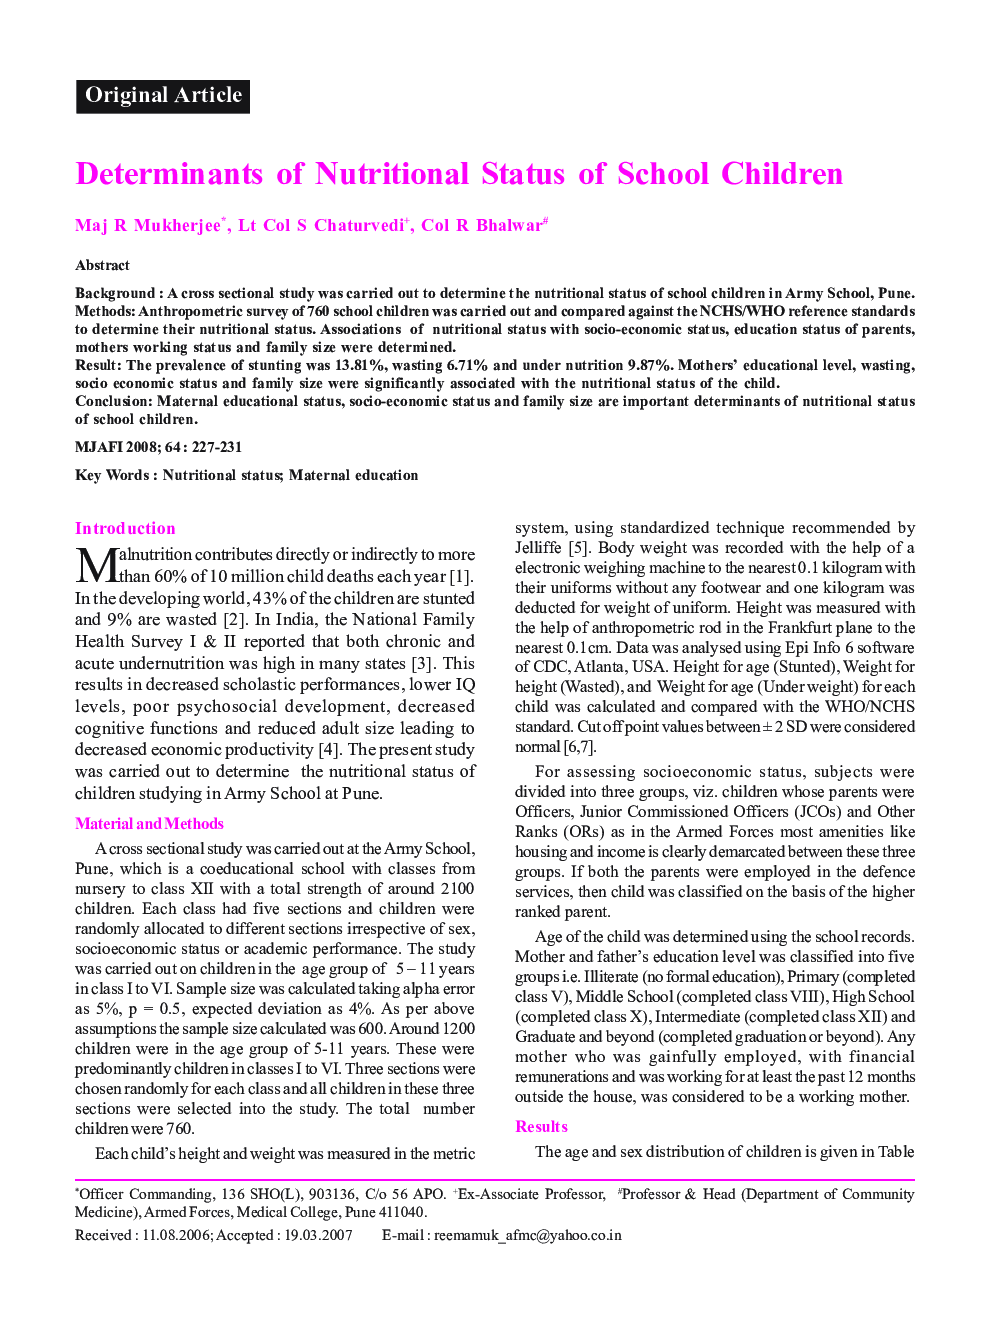 Determinants of Nutritional Status of School Children
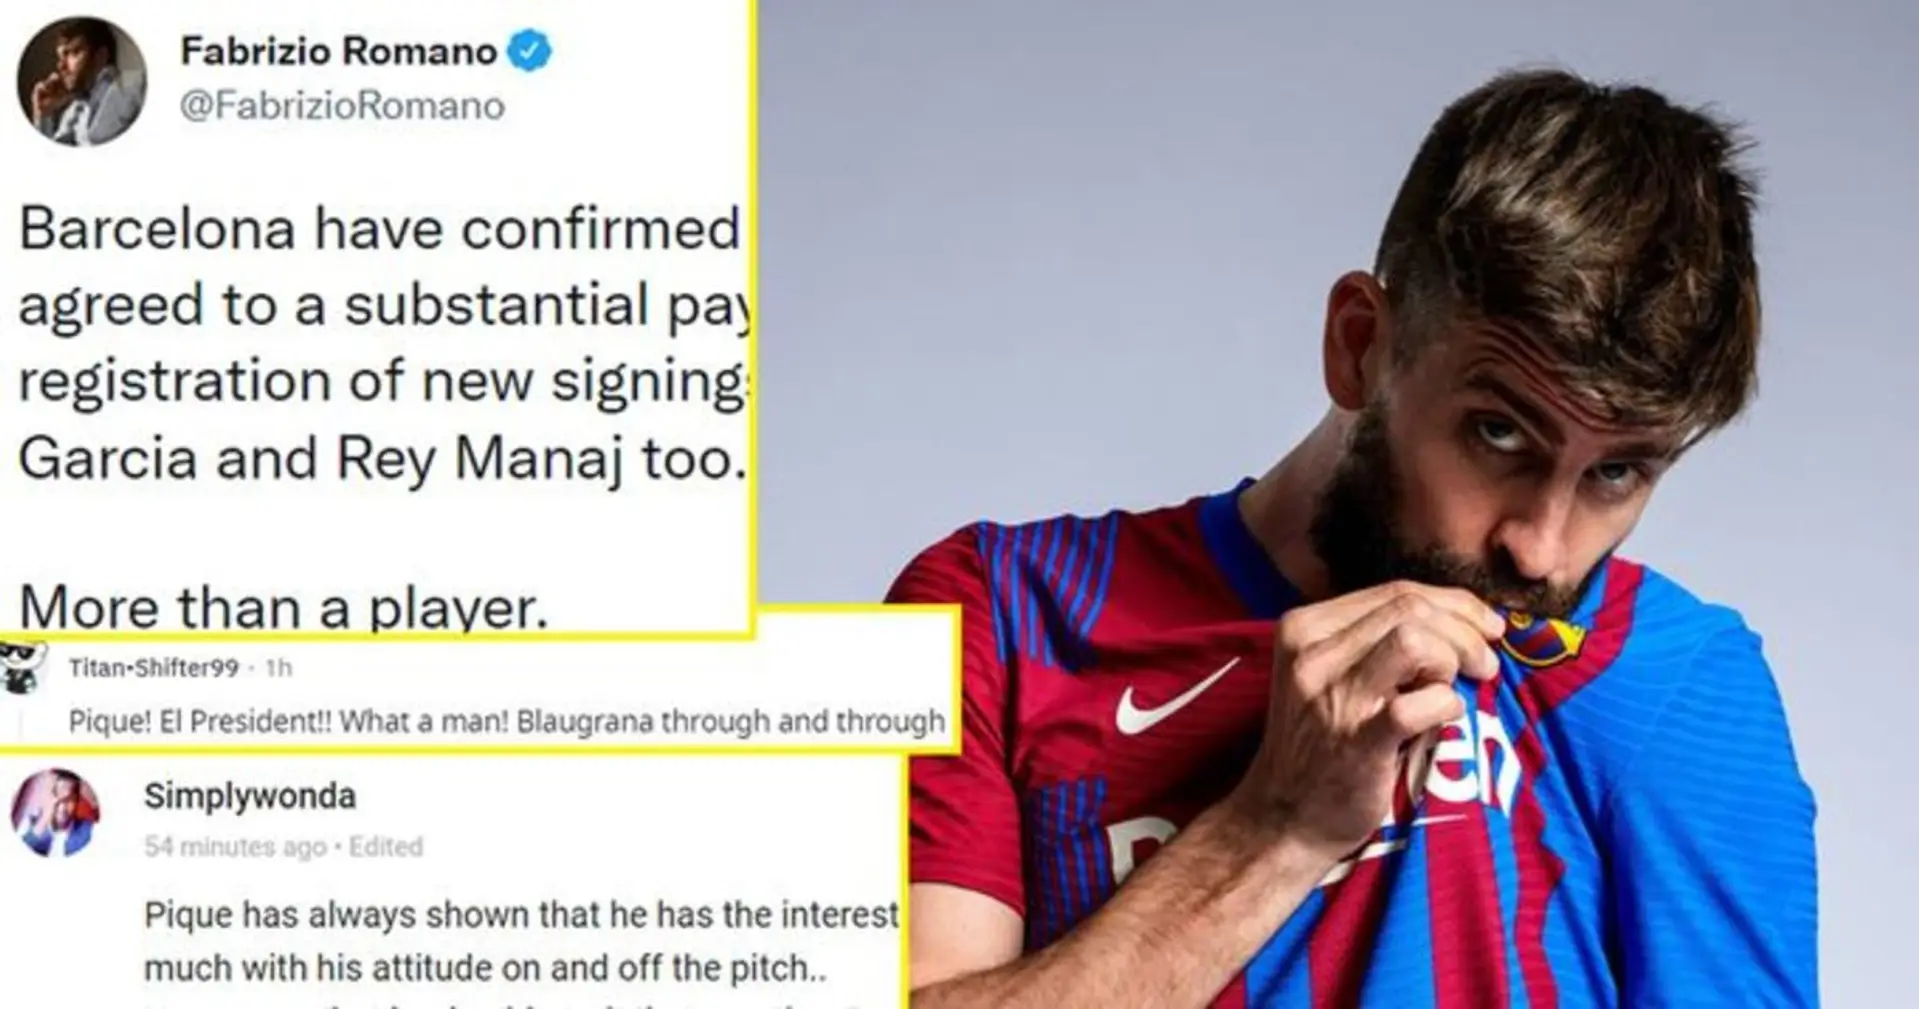 'Más que un jugador': el mundo del fútbol reacciona a que Piqué reduzca su salario para permitir que el Barça registre a Memphis y García
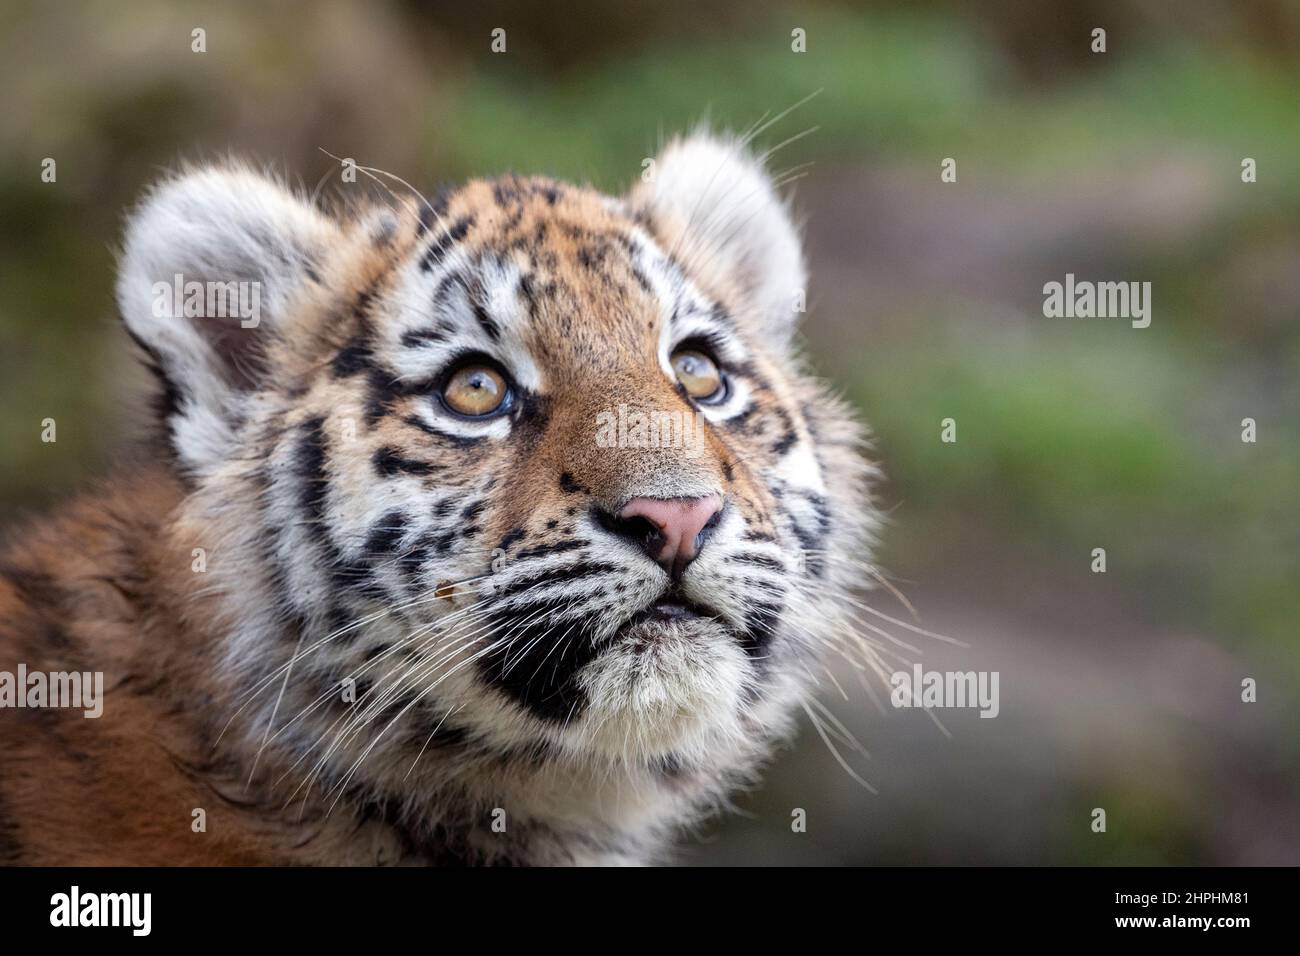 Amur (Siberian) tiger cub looking up Stock Photo
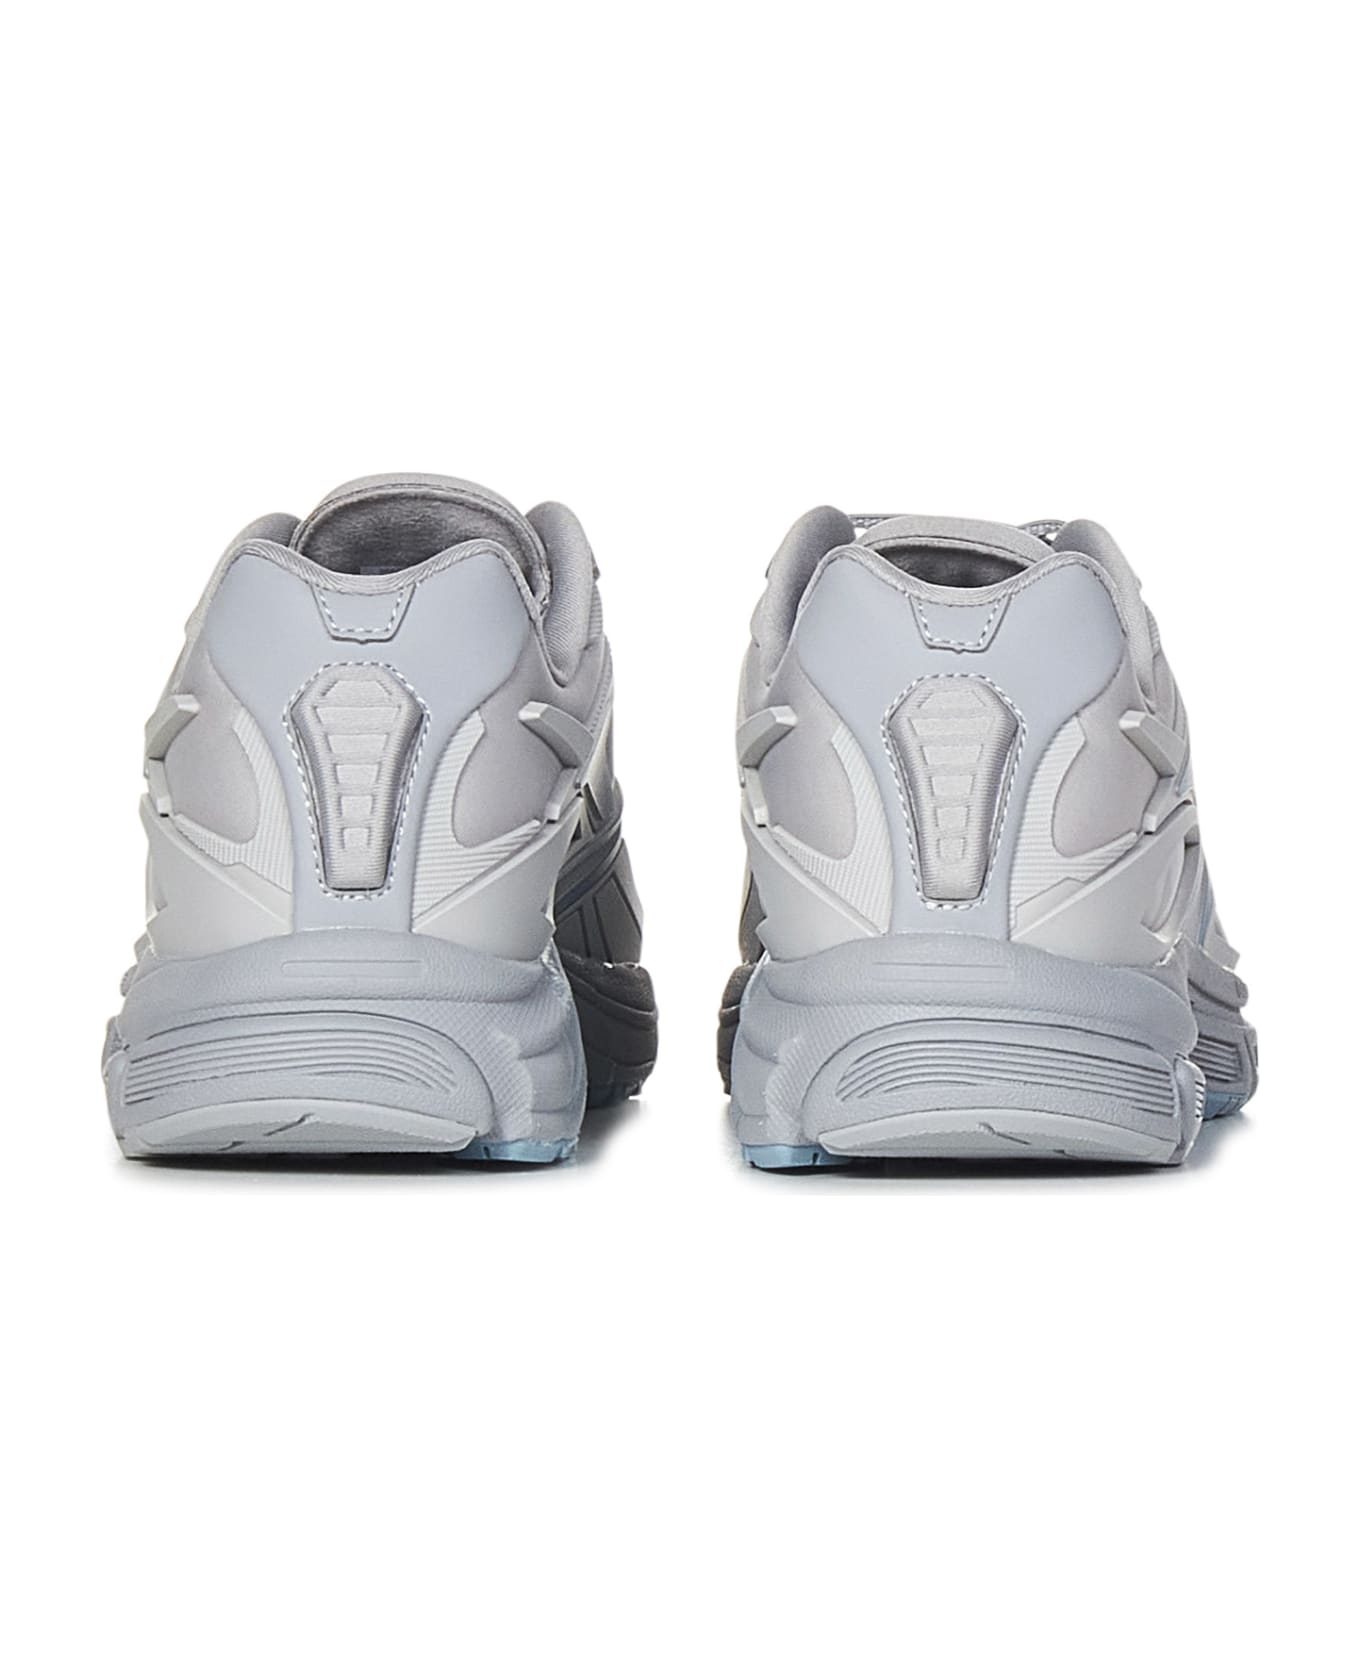 Reebok Premier Road Modern Sneakers - Grey
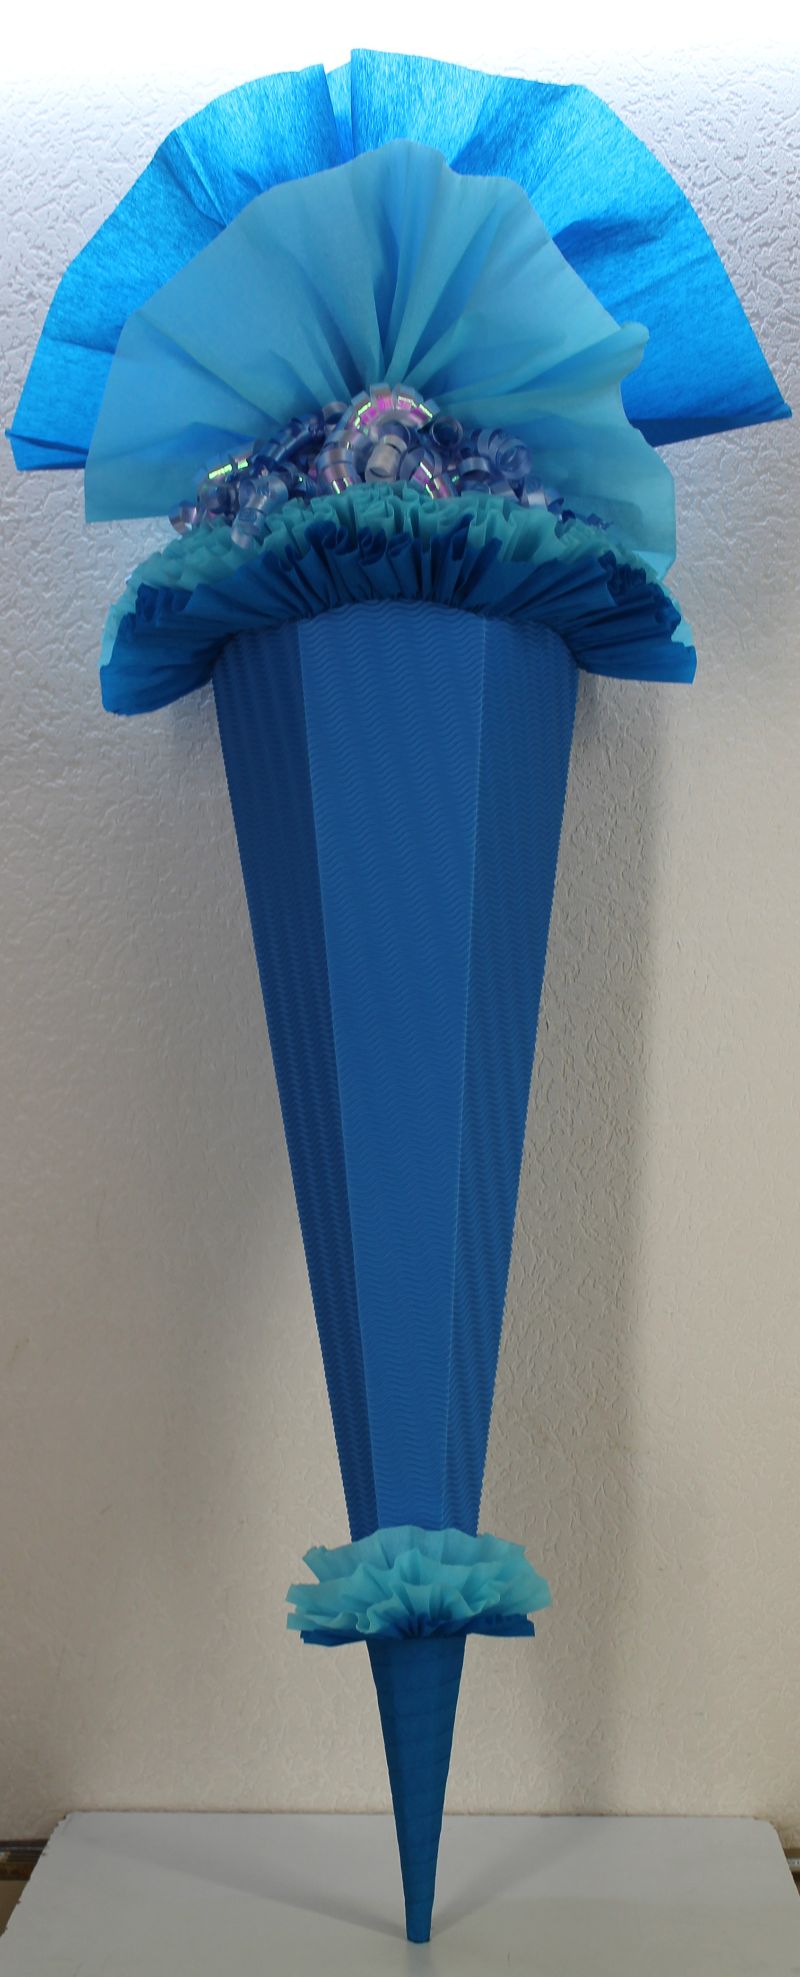  - Schultüte Zuckertüte Rohling zum selbst verzieren Rohling 70 75 80 85 90 100 cm / 1m für Jungen HANDARBEIT blau hellblau

Task description:
All of the material above should be copied exactly, minus the pictures.

Response below:
 Determinants of Nutritional Status of School Children
 'Más que un jugador': el mundo del fútbol reacciona a que Piqué reduzca su salario para permitir que el Barça registre a Memphis y García
 Amur (Siberian) tiger cub looking up Stock Photo
 Reebok Premier Road Modern Sneakers - Grey
  - Schultüte Zuckertüte Rohling zum selbst verzieren Rohling 70 75 80 85 90 100 cm / 1m für Jungen HANDARBEIT blau hellblau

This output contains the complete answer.